§ **STORED DATA**:
· · · · ·
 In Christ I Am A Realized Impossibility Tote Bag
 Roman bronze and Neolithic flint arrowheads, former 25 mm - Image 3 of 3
· · · · ·
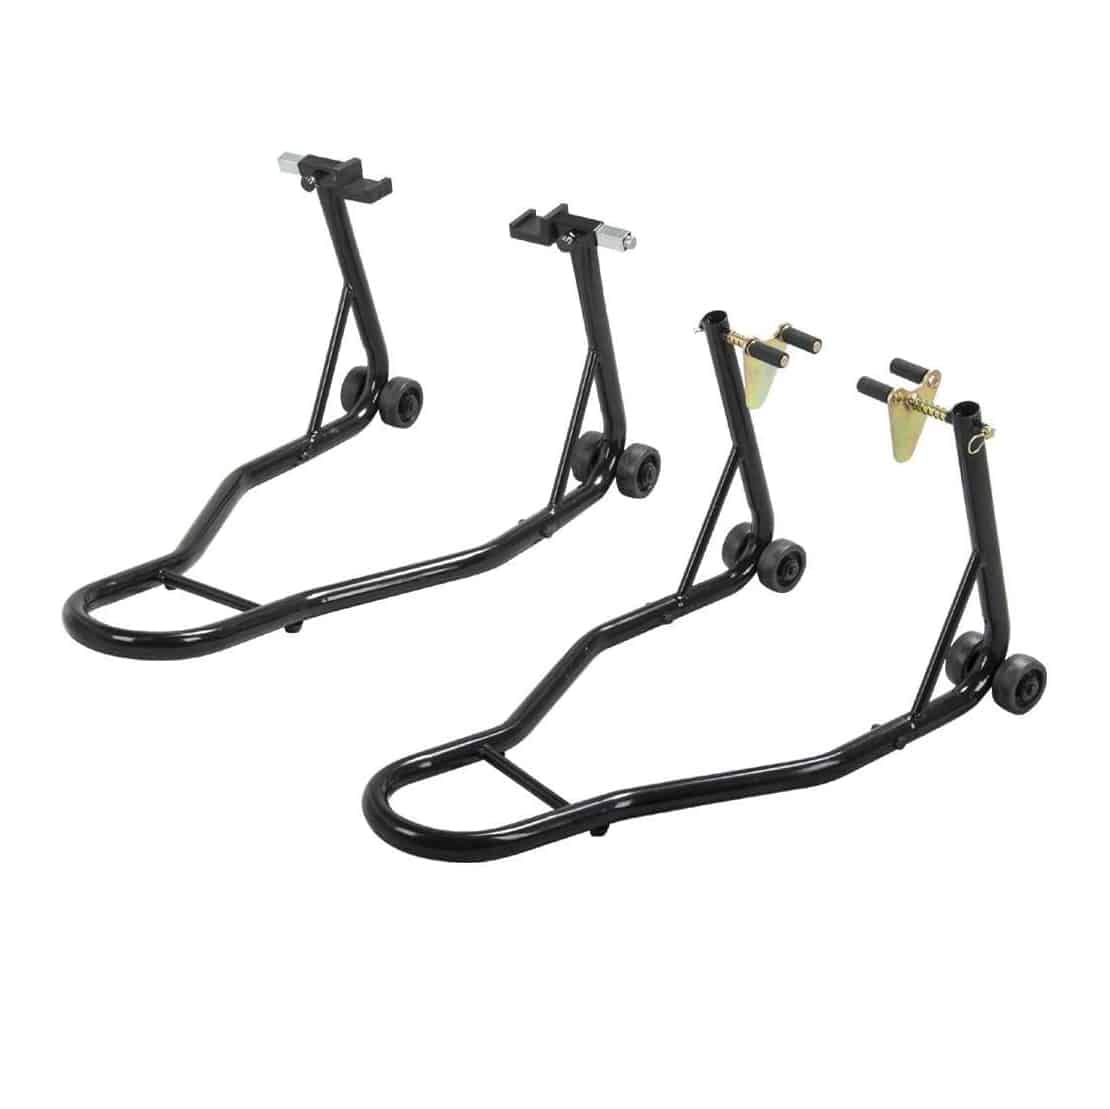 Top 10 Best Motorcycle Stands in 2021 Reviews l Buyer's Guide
· · · · ·
Where the line holding "In Christ I" appears in the listing above, start reproducing exactly, and end with the line holding "Roman bronze and".

§ **SOLUTION FOR THIS TASK**:
 In Christ I Am A Realized Impossibility Tote Bag
 Roman bronze and Neolithic flint arrowheads, former 25 mm - Image 3 of 3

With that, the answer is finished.